Some Next Steps

More Questions

There are 2 questions to solve (one easy and one hard):

  • The easy one is doing constraint optimization on model-free algorithm families.
  • The hard one is to reformulate this problem theoritically.

  • Harder question to solve:

    • Can I bake in the idea of having a world model into the algorithm itself, not just using networks. There is a theoritical perspective from EM, and then there is a practical perspective of how can we do it from constraint optimization. Here is a few question that I want to answer

    • We need to change the fundamental constrained optimization's formulation from MOMPO. What if I say \(q\) distribution not as a action distribution (in MOMPO) but a latent distribution in the VAE (representing the model of the environment), then we add KL as a constraint on the VAE latent distribtion at each iteration, gradually constructing \(q\). Can we still derive an ELBO for it (new MinMax Lagrangian duality optimization problem).

    • Need to revise the mathamatical formulation. Attempt to derive from MOMPO here

  • Biologically related questions

    • Does establishing a world model, similar to the Cerebellum's function, facilitate motor action execution by providing a motor plan derived from previous motor control experiences for additional guidance (compare to pure sensory feedback like in model-free RL)?
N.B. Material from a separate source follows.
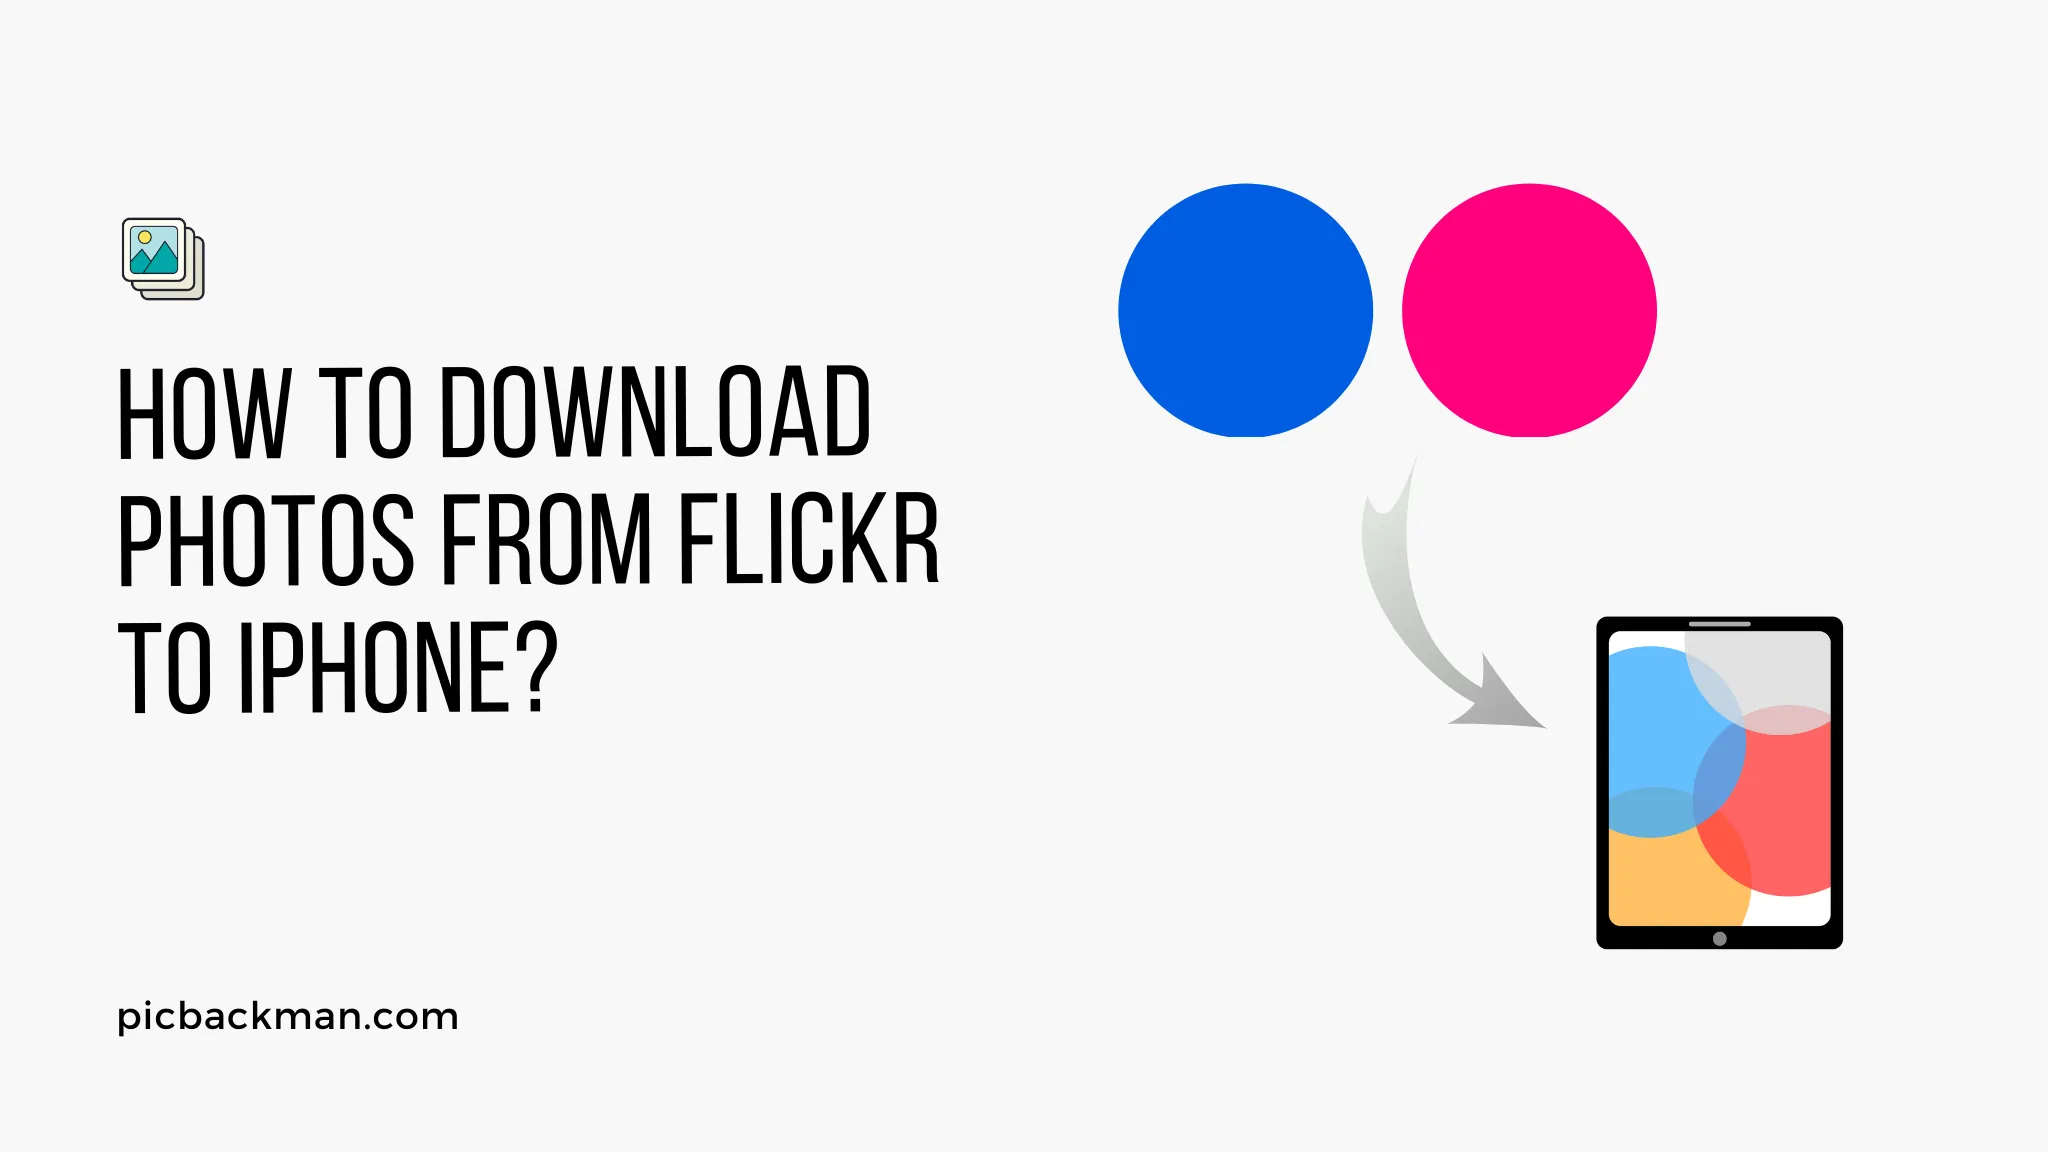 How to Download Photos from Flickr to iPhone

Moreover, can this new motor learning process be incorporated into the GDP for future motor controls?
    • See if such biologically inspired strategy (mechanistic insight) improves performance.
    • See if the Forward Model would resemble functionality and behavior of the cerebellum (for example, showing gradual learning of new motor skills).
  • With an change of the understanding for the rules of the world, can the algorithm still find a sub-optimal point in this training world such that it works still fine or even better than solely one-world-model trained agent in the other world?

Code Base & Experiments:

Implementation notes in here. We need to consider what phenomenon we would see when our idea actually works? Need a good testing paradigm.

  • Easier and easier to learn new things? The model should develope an intuition of the enviornment and learn better when seeing similar environment? Learning a combined skill set from previous experiences of smaller skills that can be transferable should be easier?
  • Being able to transfer back and have memory retention?